* PROBLEM *
Only the lines from the one that includes "Camiseta Mulher Maravilha Infantil" through the last line below belong in the reply, copied exactly and without pictures.

* INFORMATION SHOWN *

━━━━━━━━━━━━━━━━━━━━

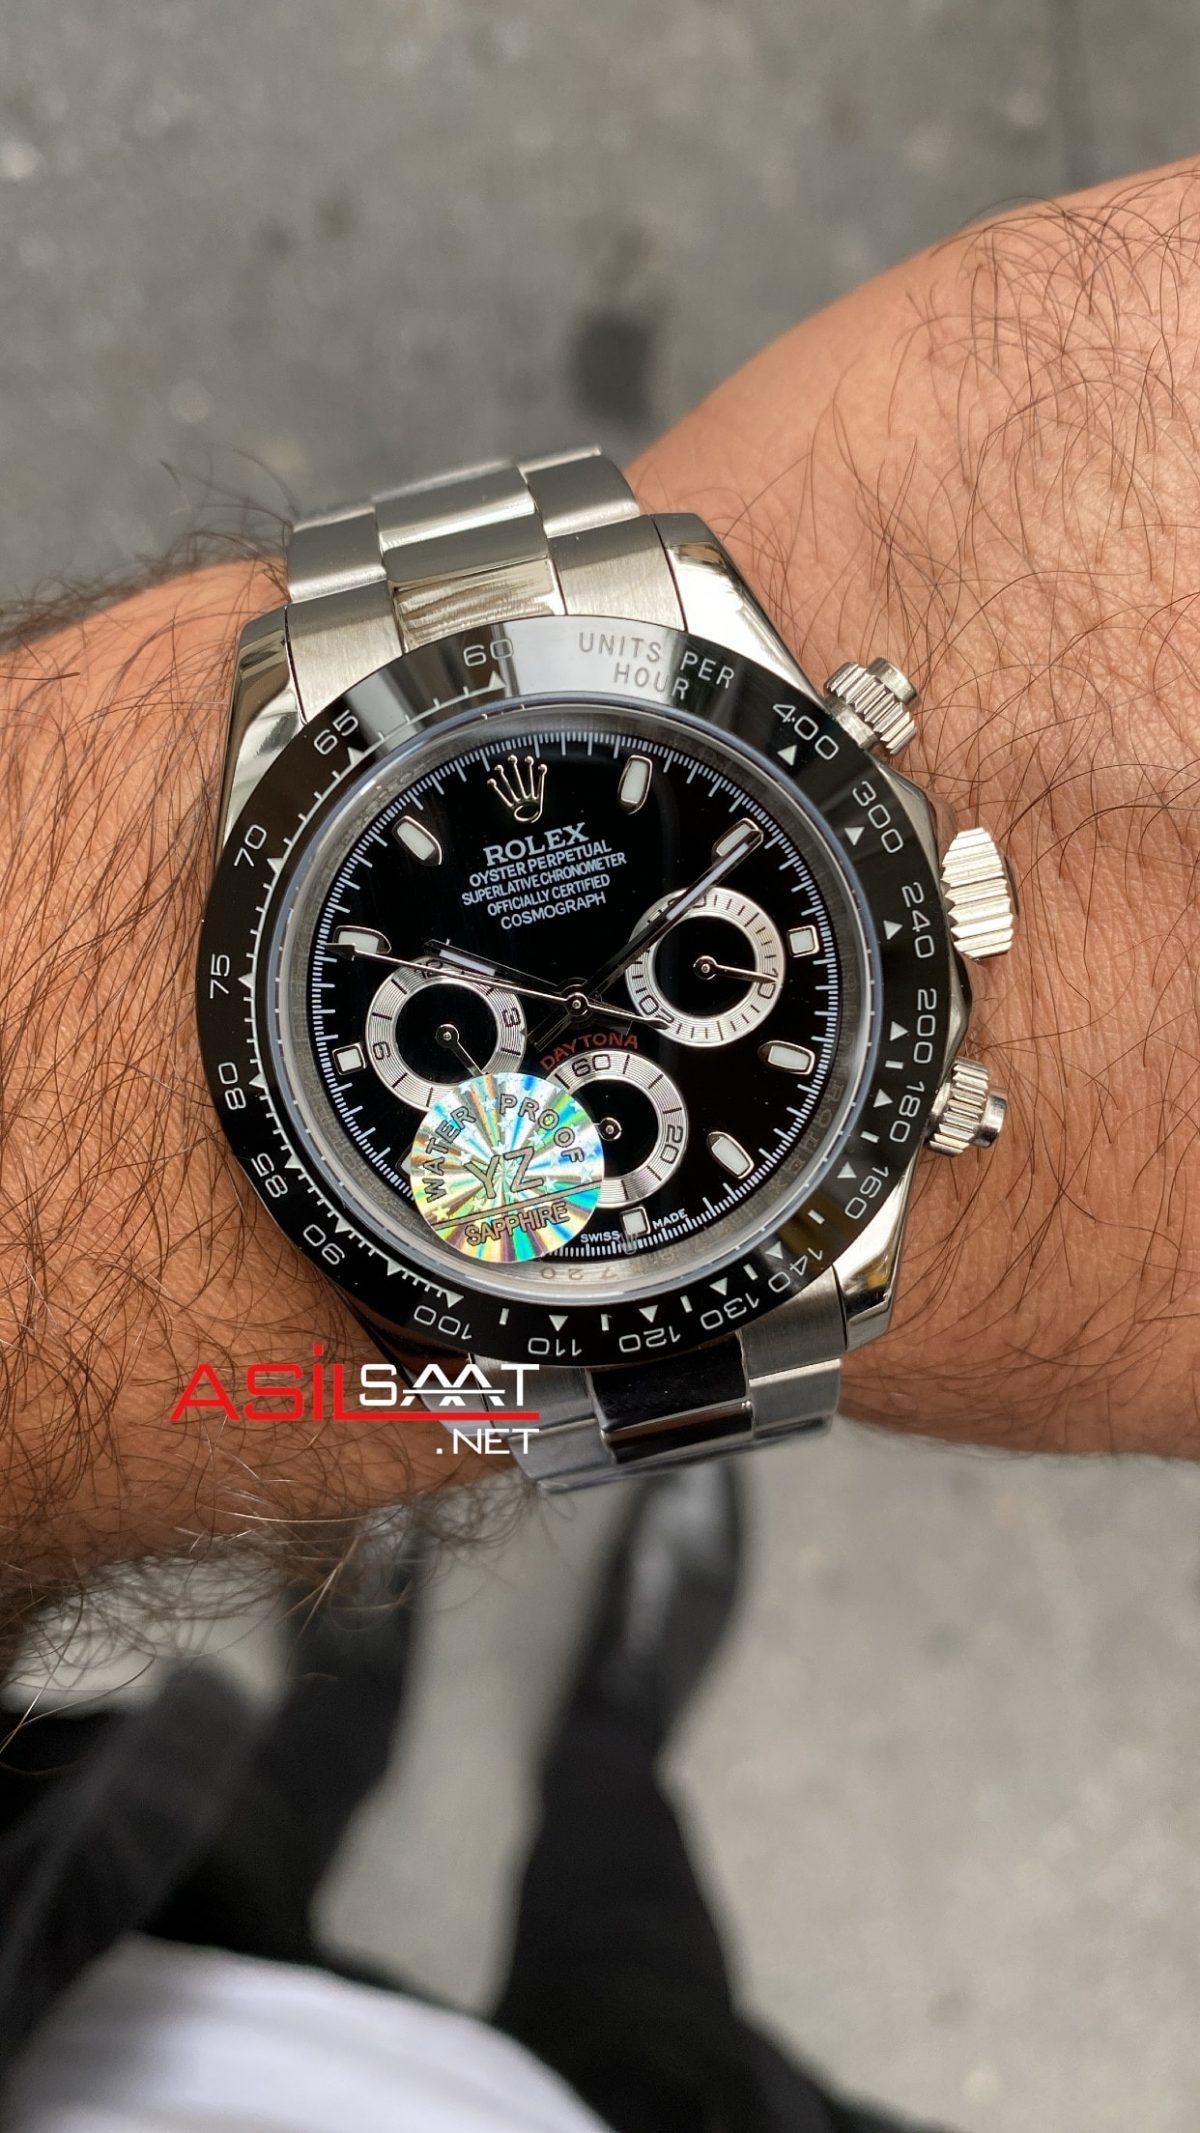 Rolex Daytona Cosmograph 116500 LN Black Dial ROLDA001
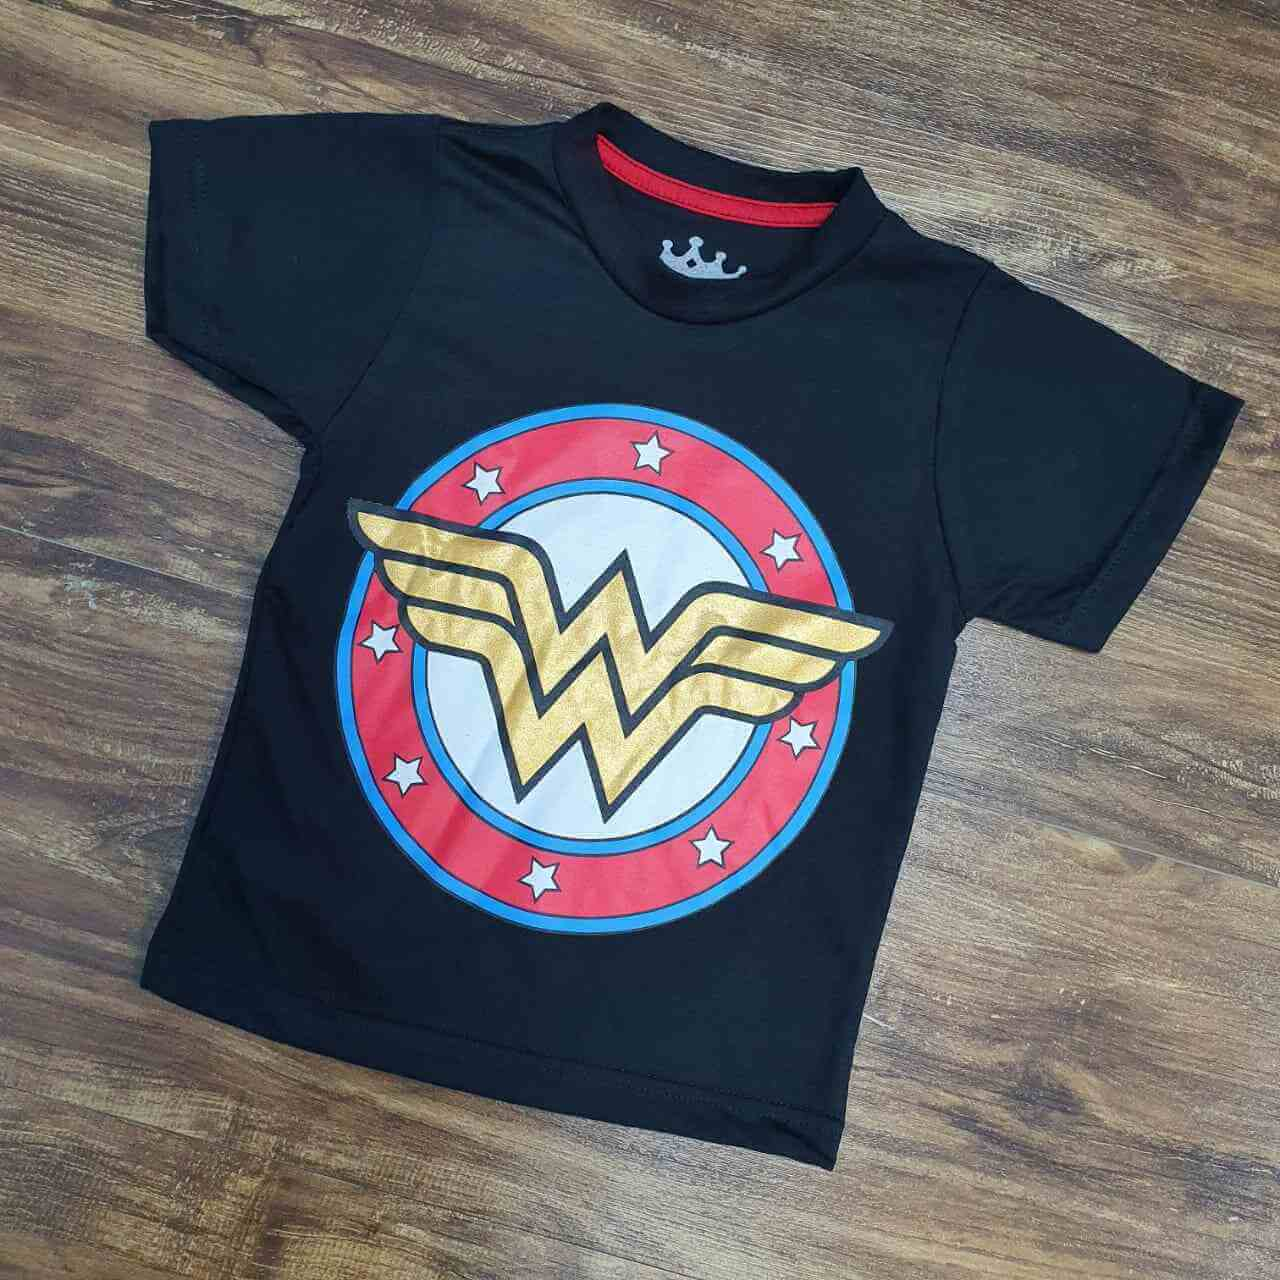 Camiseta Mulher Maravilha Infantil
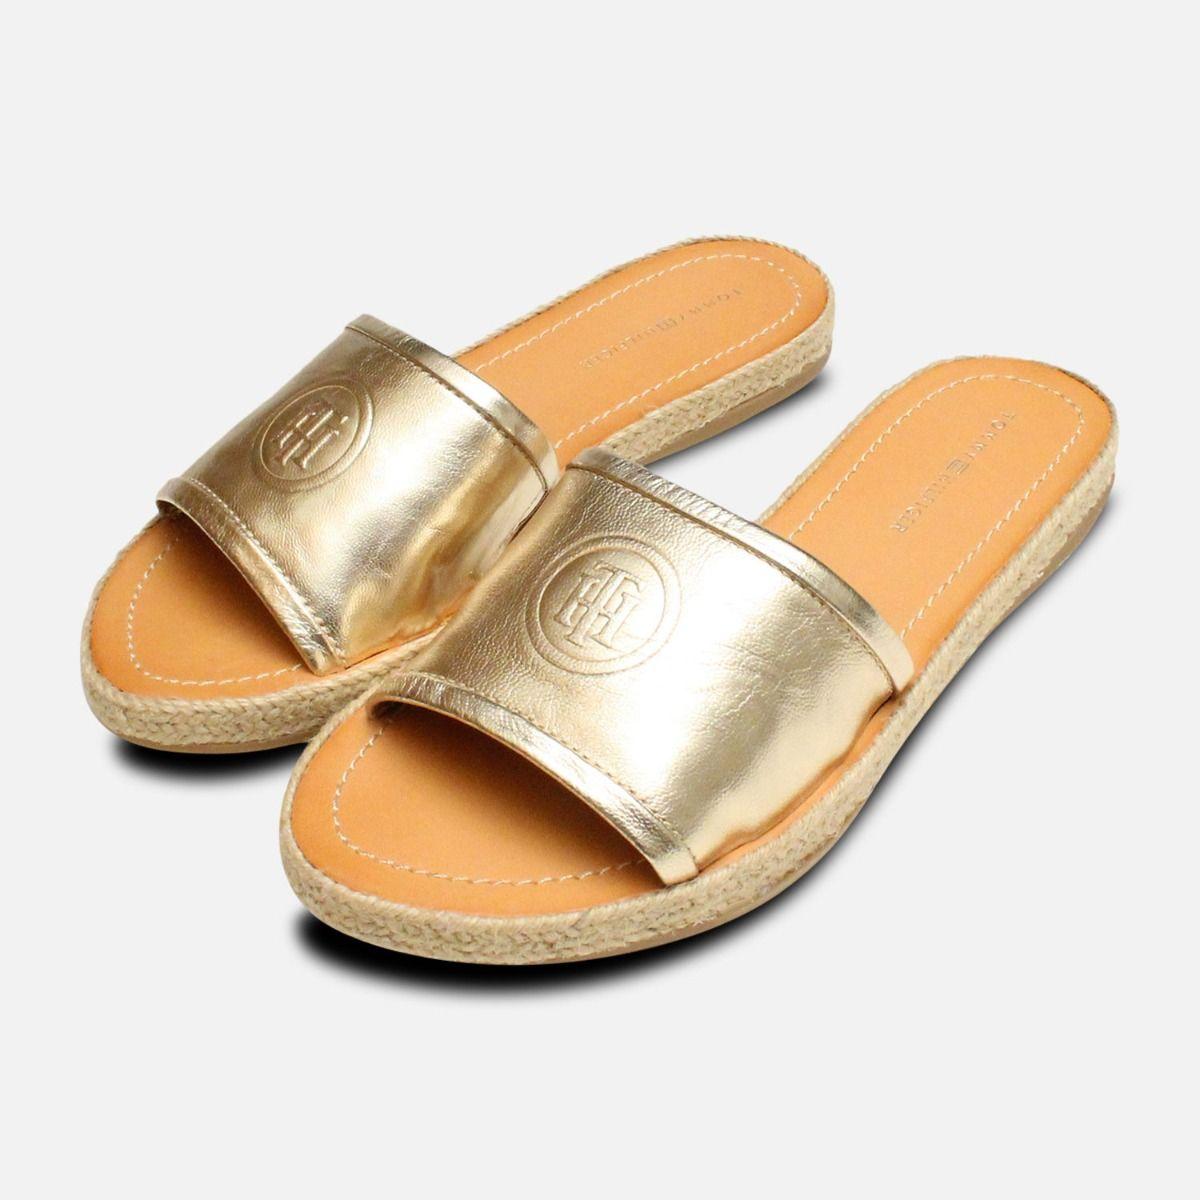 7b19ba5e8 Metallic Gold Leather Tommy Hilfiger Flat Mule Sandal

━━━━━━━━━━━━━━━━━━━━

* YOUR RESPONSE *
 Camiseta Mulher Maravilha Infantil
 7b19ba5e8 Metallic Gold Leather Tommy Hilfiger Flat Mule Sandal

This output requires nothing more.